- The July 27, 2005, front page of The Conway Daily Sun
- Type: Free daily newspaper
- Format: Tabloid
- Owner(s): Country News Club, Inc.
- Publisher: Mark Guerringue
- Editor: Adam Hirshan
- Founded: 1989
- Headquarters: 64 Seavey Street North Conway, New Hampshire 03860 United States
- Circulation: 16,100 in 2005
- Price: Free
- Website: conwaydailysun.com

= The Conway Daily Sun =

Free five-day-a-week newspaper in North Conway, New Hampshire

The Conway Daily Sun is a three-day (Tuesday, Thursday, Saturday) free daily newspaper published in North Conway, New Hampshire, United States, covering the Mount Washington Valley.
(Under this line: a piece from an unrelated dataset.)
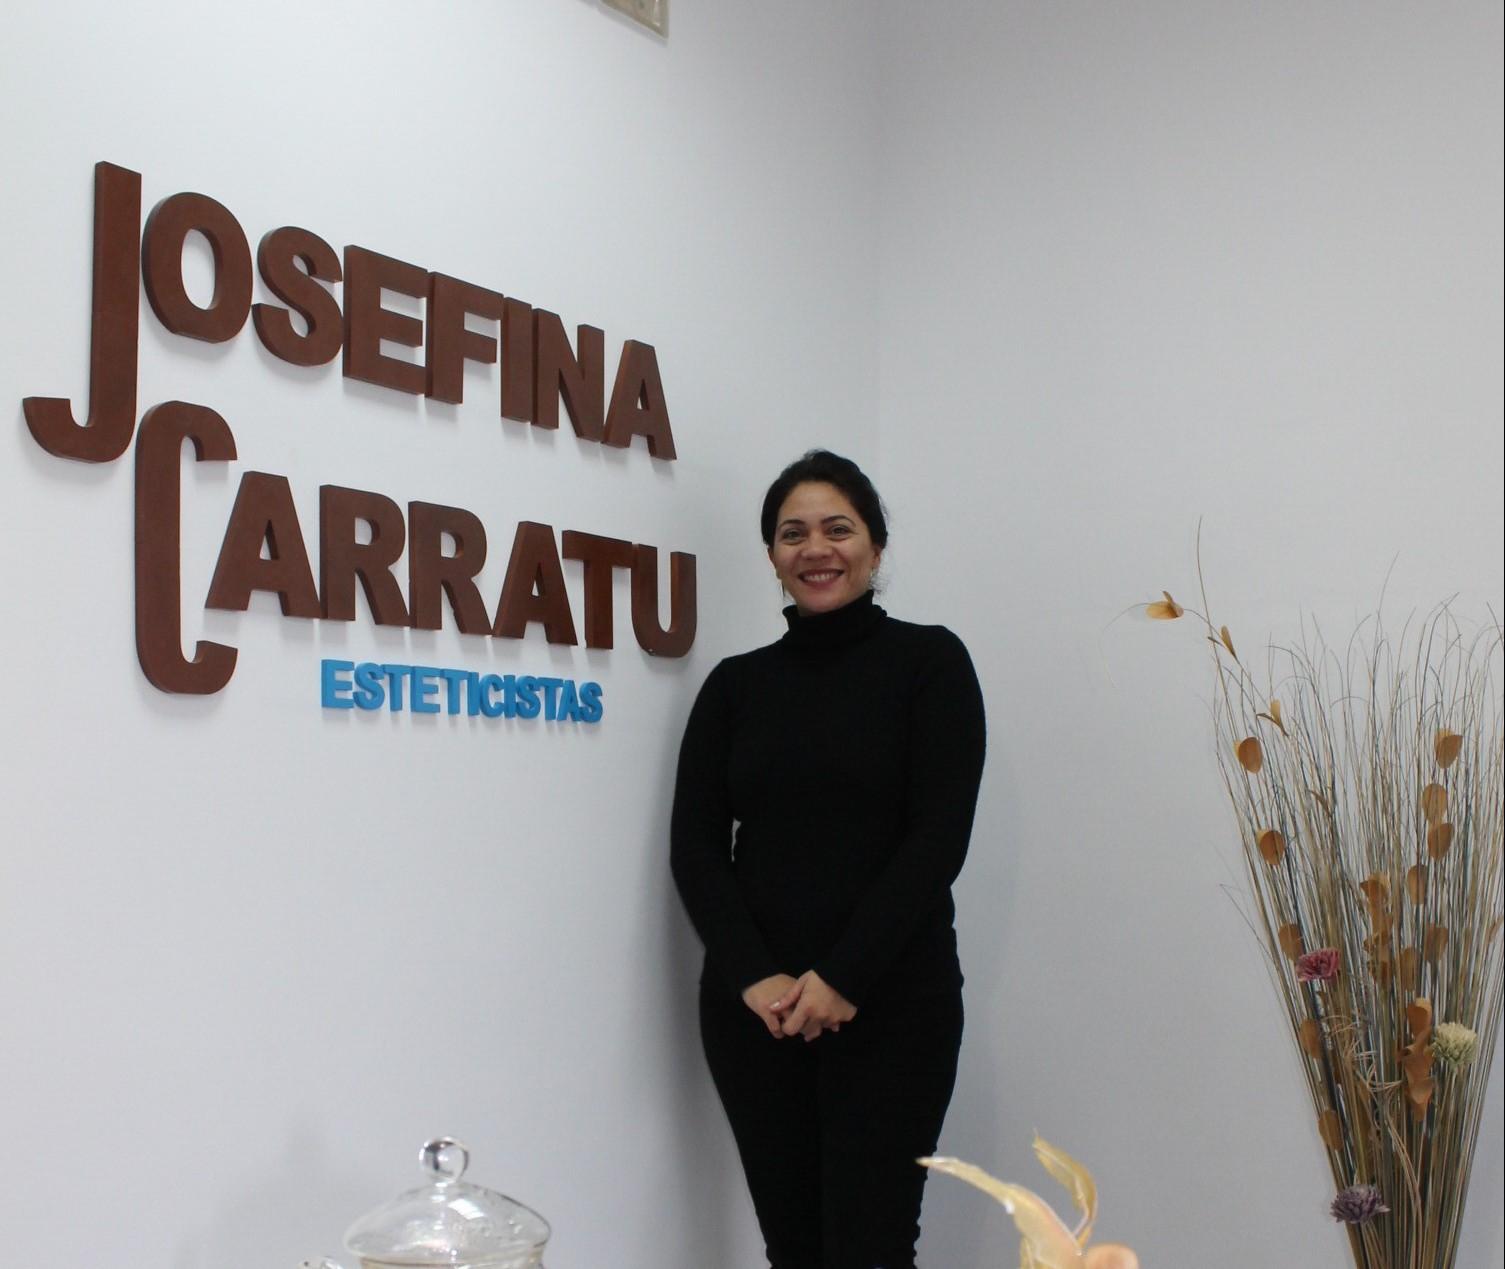 El Centro de Estética Josefina Carratú abre sus puertas en Manzanares

It has been published since 1989 by Country News Club, and was the forerunner of three other Daily Sun newspapers in New Hampshire and Maine.

The Conway Daily Sun was the first newspaper outside of Japan to publish the popular numbers puzzle Sudoku, in September 2004.

== Today ==

Mark Guerringue, one of the three founders of Country News Club, still serves as publisher of The Conway Daily Sun as of early 2012.

The Daily Sun circulates in several towns of Carroll County, New Hampshire, including Albany, Bartlett (including Glen), Conway (including Intervale and North Conway), Eaton, Freedom, Jackson, Madison (including Silver Lake), Moultonborough, Tamworth (including Chocorua), Ossipee and Wolfeboro; and two towns in Oxford County, Maine: Fryeburg and Lovell.

Citing advertisement revenue issues, The Conway Daily Sun printed its final Monday edition on October 26, 2009. The paper continues to be published Tuesday through Saturday.

== Sisters and competitors ==
Conway was the first free daily to be launched by Dave Danforth, Mark Guerringue and Adam Hirshan. It was joined a few years later by The Berlin Daily Sun. In 2000, Guerringue and Hirshan partnered with Ed Engler to launch The Laconia Daily Sun in the neighboring Lakes Region of New Hampshire. In 2009, Guerringue and Hirshan teamed with Curtis Robinson to start The Portland Daily Sun in Portland, Maine.

No other daily newspaper is based in Carroll County. Country News Club's closest competitor geographically is The Citizen of Laconia.